Eddie Lynch

Biographical details
- Born: November 17, 1899 Emmetsburg, Iowa, U.S.
- Died: April 13, 1953 (aged 53) Minneapolis, Minnesota, U.S.

Playing career
- 1920–1922: Dartmouth
- Position: End

Coaching career (HC unless noted)
- 1924–1925: Dartmouth (ends)
- 1926–1929: Minnesota (ends)
- 1931: Carleton
- 1932–1934: Wisconsin (ends)
- 1935–1936: Iowa (ends)

Head coaching record
- Overall: 5–2

Accomplishments and honors

Championships
- 1 MWC (1931)

= Eddie Lynch (American football coach) =

American college football player and coach (1899–1953)
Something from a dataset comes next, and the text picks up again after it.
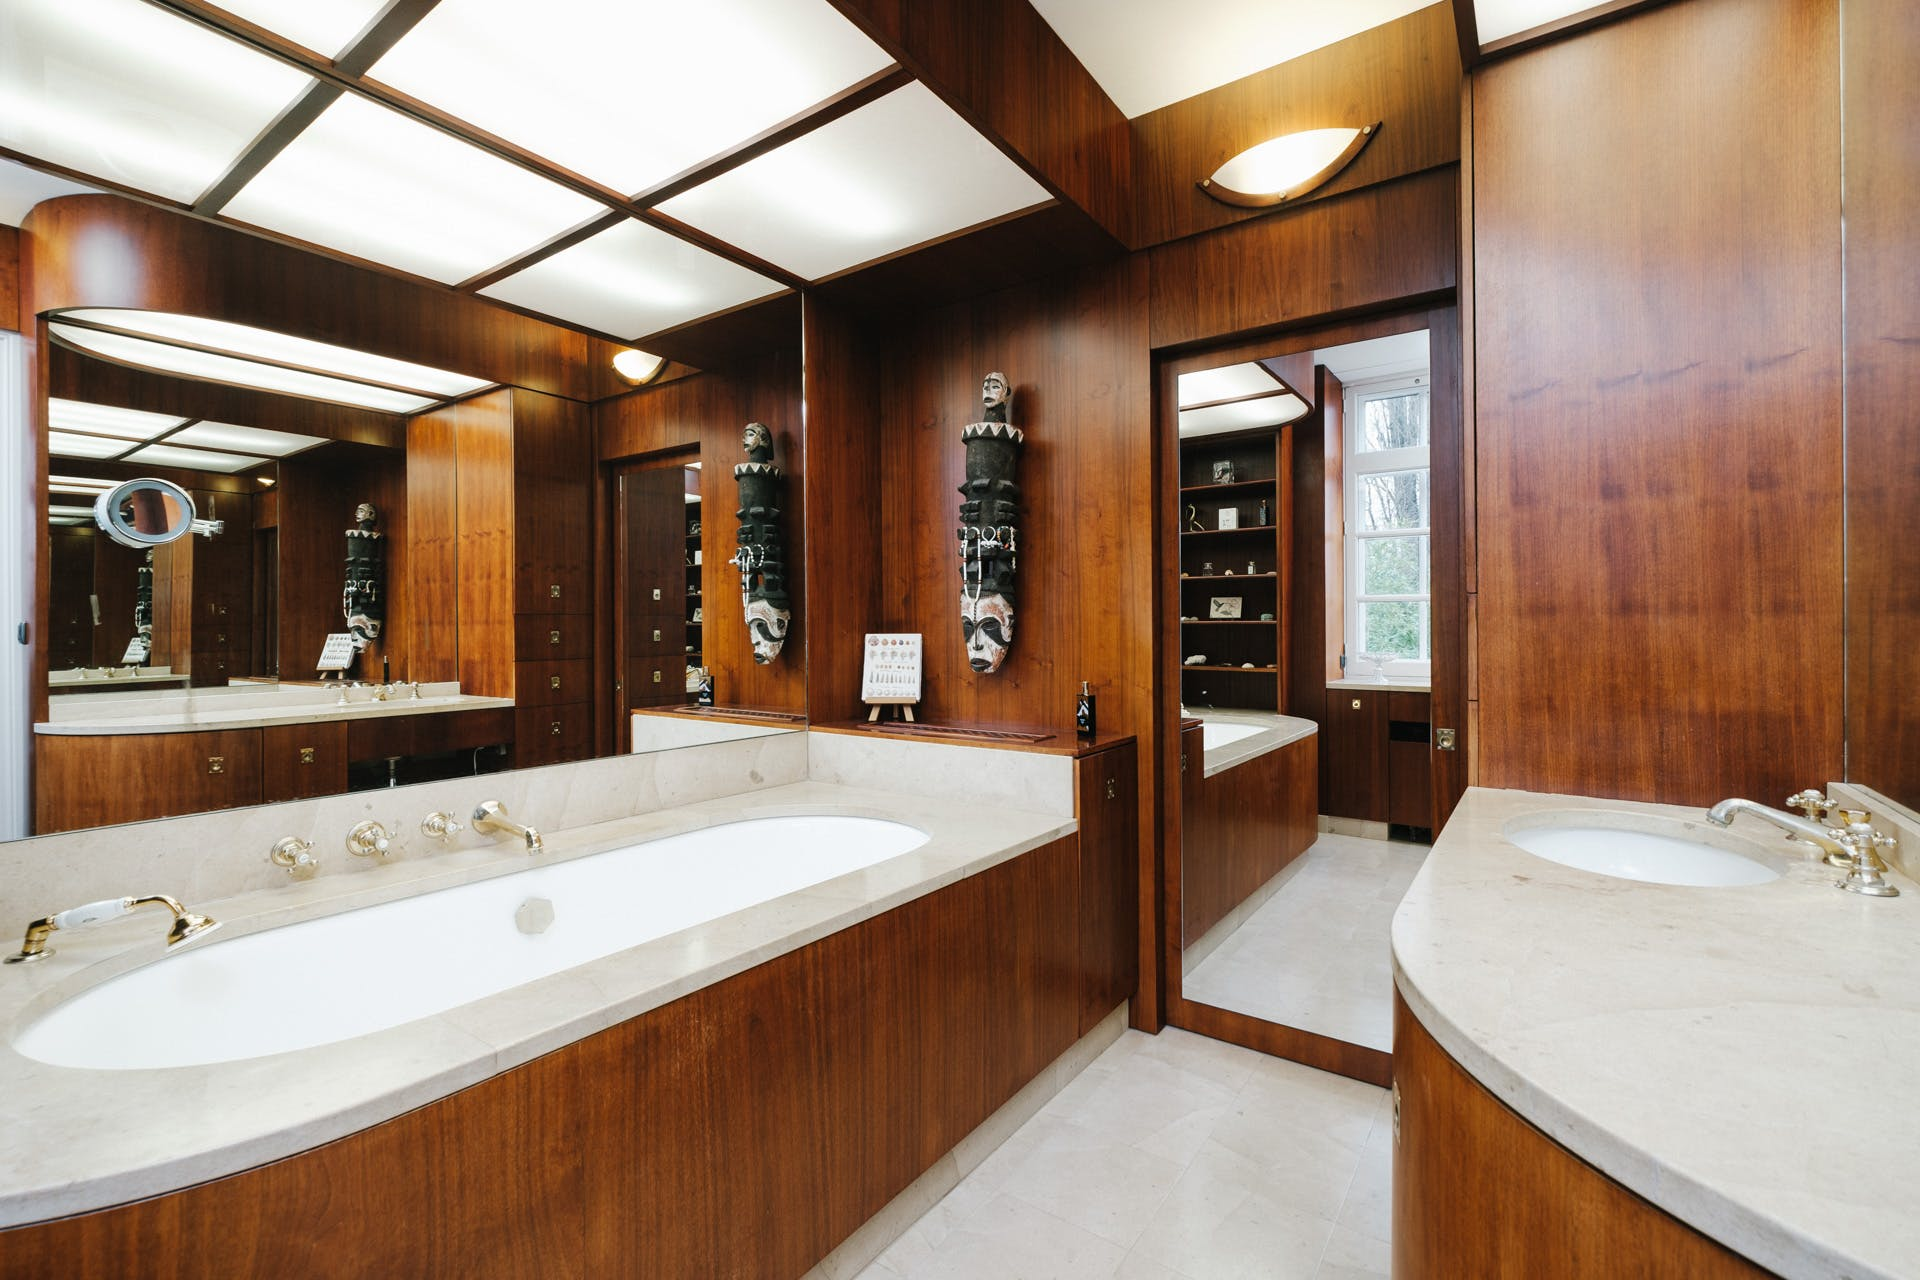 vastgoedfotografie, badkamer, vastgoedfoto's

Edward Bernard Lynch (November 17, 1899 – April 13, 1953) was an American college football player and coach. He served as the head football coach at Carleton College in 1931. Lynch played as an end at Dartmouth College from 1920 to 1922. He served as an assistant football coach at the University of Minnesota under head coach Clarence Spears from 1926 to 1929.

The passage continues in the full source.